● MATERIALS PROVIDED
◆ ◆ ◆ ◆ ◆
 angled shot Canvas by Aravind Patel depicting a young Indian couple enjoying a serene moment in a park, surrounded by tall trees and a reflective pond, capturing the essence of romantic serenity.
◆ ◆ ◆ ◆ ◆
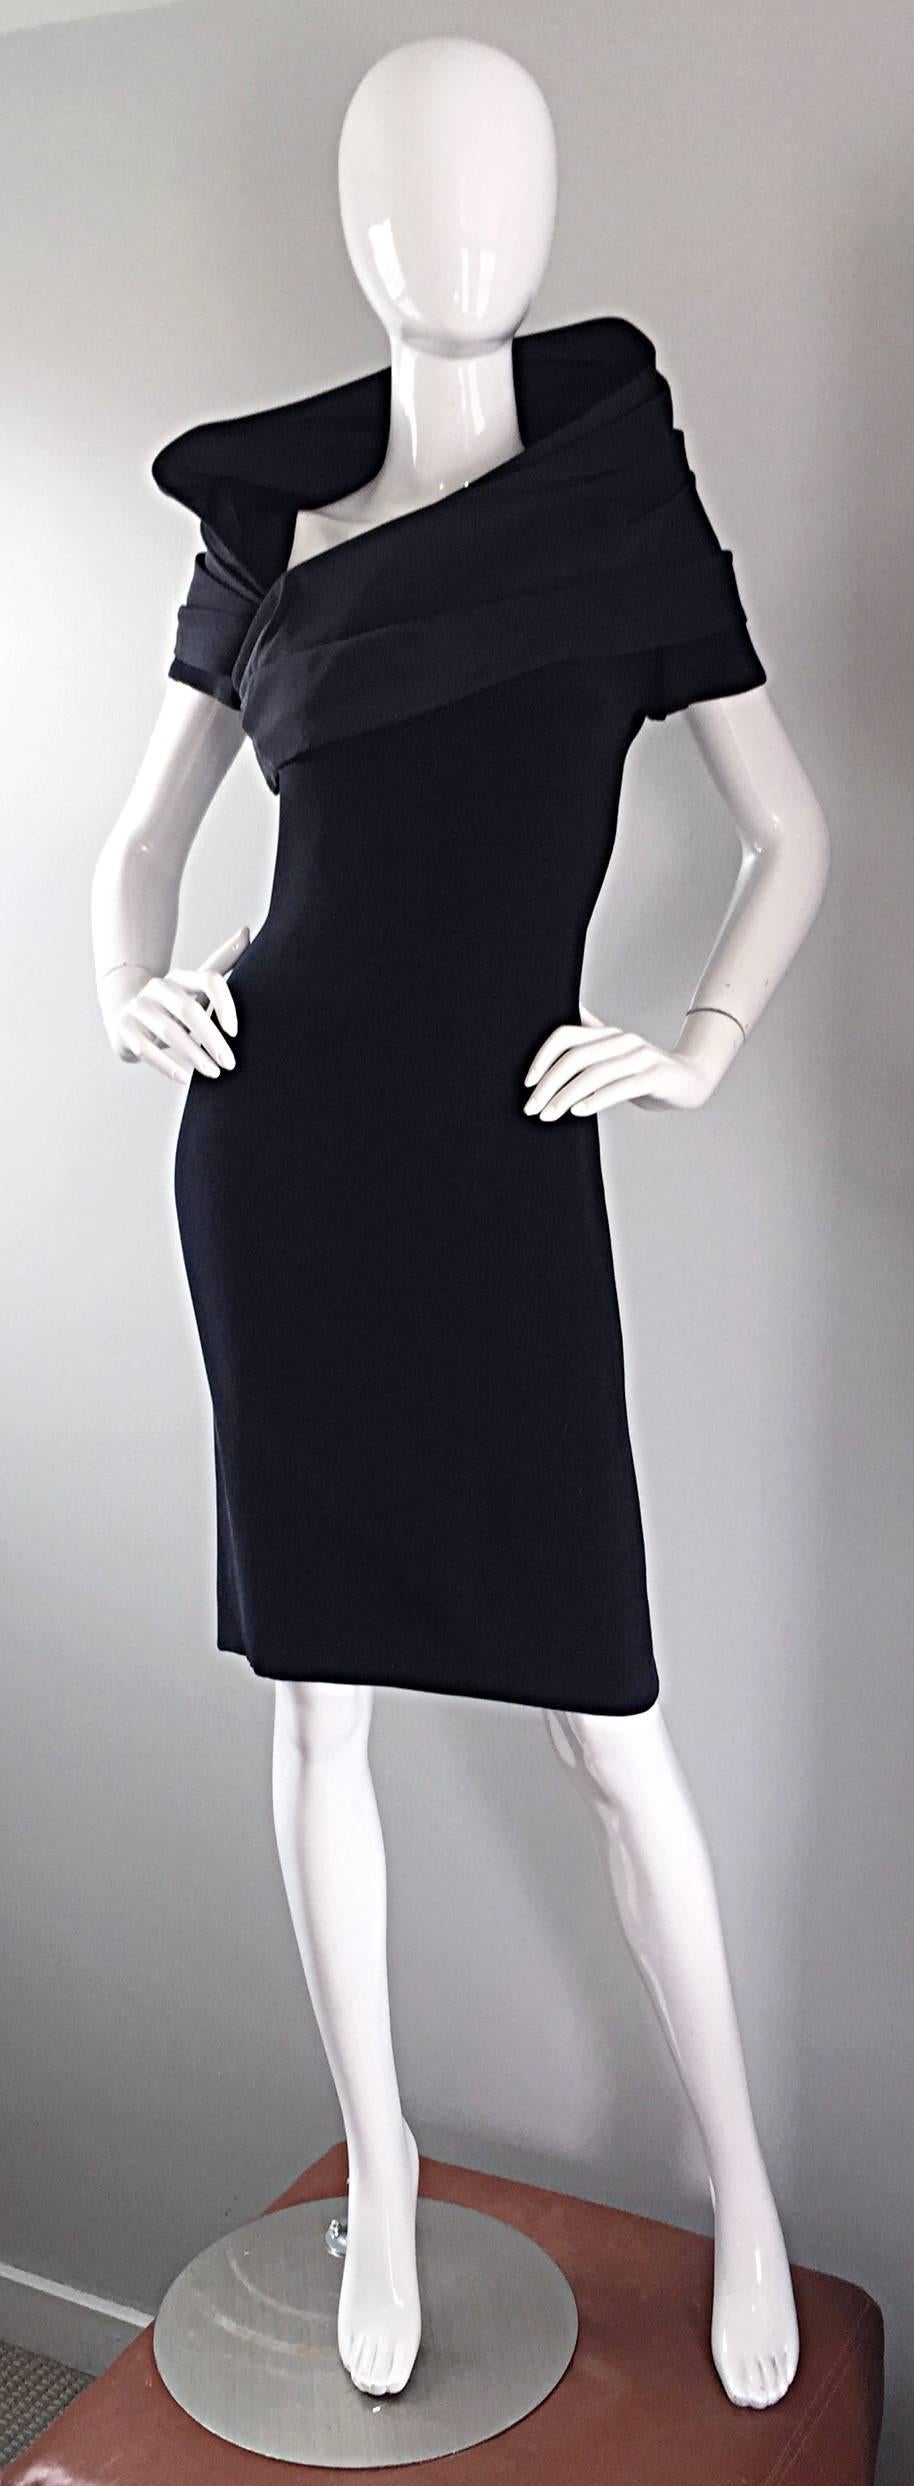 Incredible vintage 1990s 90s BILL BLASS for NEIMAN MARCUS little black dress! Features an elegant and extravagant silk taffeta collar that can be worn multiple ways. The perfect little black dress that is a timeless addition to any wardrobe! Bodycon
◆ ◆ ◆ ◆ ◆
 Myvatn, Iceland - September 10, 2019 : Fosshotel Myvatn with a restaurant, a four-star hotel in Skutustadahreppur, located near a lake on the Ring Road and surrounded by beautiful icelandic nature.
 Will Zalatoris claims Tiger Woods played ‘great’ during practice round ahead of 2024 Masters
◆ ◆ ◆ ◆ ◆
● DESCRIPTION OF THE TASK
Using the data above, reproduce exactly the lines from the line that contains "Myvatn, Iceland - September" through the line that contains "Will Zalatoris claims", including both.

● RESPONSE TO THIS TASK
 Myvatn, Iceland - September 10, 2019 : Fosshotel Myvatn with a restaurant, a four-star hotel in Skutustadahreppur, located near a lake on the Ring Road and surrounded by beautiful icelandic nature.
 Will Zalatoris claims Tiger Woods played ‘great’ during practice round ahead of 2024 Masters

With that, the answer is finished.